Effectiveness of Pharmaceutical Smoking Cessation Aids in a Nationally Representative Cohort of American Smokers.
Published Web Locationhttps://doi.org/10.1093/jnci/djx240
Background:Despite strong efficacy in randomized trials, the population effectiveness of pharmaceutical aids in long-term smoking cessation is lacking, possibly because of confounding (factors that are associated with both pharmaceutical aid use and difficulty quitting). Matching techniques in longitudinal studies can remove this confounding bias.
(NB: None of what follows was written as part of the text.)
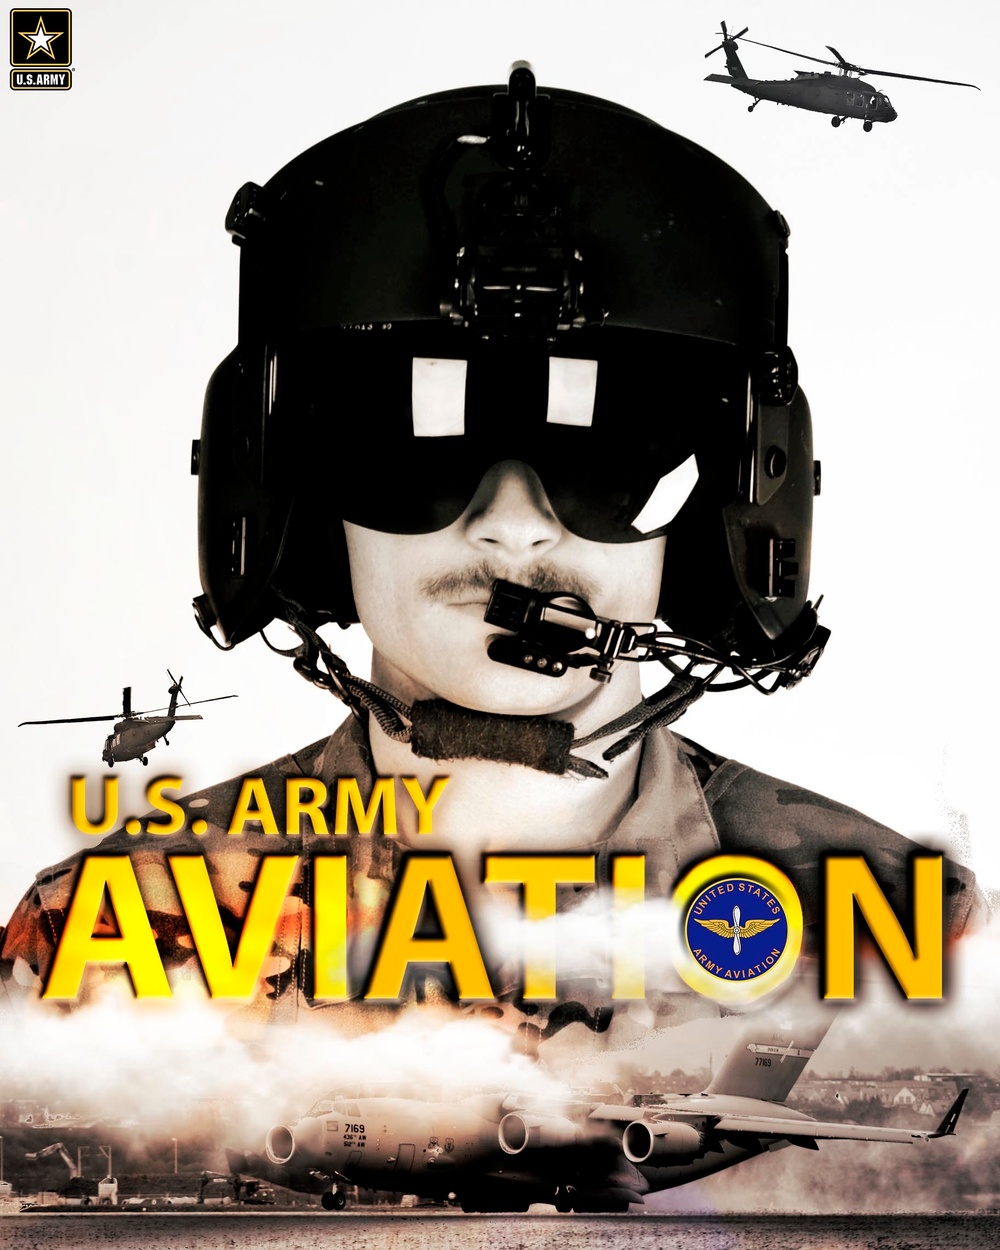 U.S. Army Aviation!

Methods:Using the nationally representative Tobacco Use Supplement to the Current Population Survey (TUS-CPS), we assessed the effectiveness of medications to aid quitting among baseline adult smokers who attempted to quit prior to one year of follow-up in two longitudinal studies: 2002-2003 and 2010-2011. Pharmaceutical aid users and nonusers with complete data (n = 2129) were matched using propensity score models with 12 potential confounders (age, sex, race-ethnicity, education, smoking intensity, nicotine dependence, previous quit history, self-efficacy to quit, smoke-free homes, survey year, and cessation aid use). Using matched data sets, logistic regression models were fit to assess whether use of any individual pharmaceutical aid increased the proportion of patients who were abstinent for 30 days or more at follow-up. Results:Propensity score matching markedly improved balance on the potential confounders between the pharmaceutical aid use groups. Using matched samples to provide a balanced comparison, there was no evidence that use of varenicline (adjusted risk difference [aRD] = 0.01, 95% confidence interval [CI] = -0.07 to 0.11), bupropion (aRD = 0.02, 95% CI = -0.04 to 0.09), or nicotine replacement (aRD = 0.01, 95% CI = -0.03 to 0.06) increased the probability of 30 days or more smoking abstinence at one-year follow-up. Conclusions:The lack of effectiveness of pharmaceutical aids in increasing long-term cessation in population samples is not an artifact caused by confounded analyses. A possible explanation is that counseling and support interventions provided in efficacy trials are rarely delivered in the general population.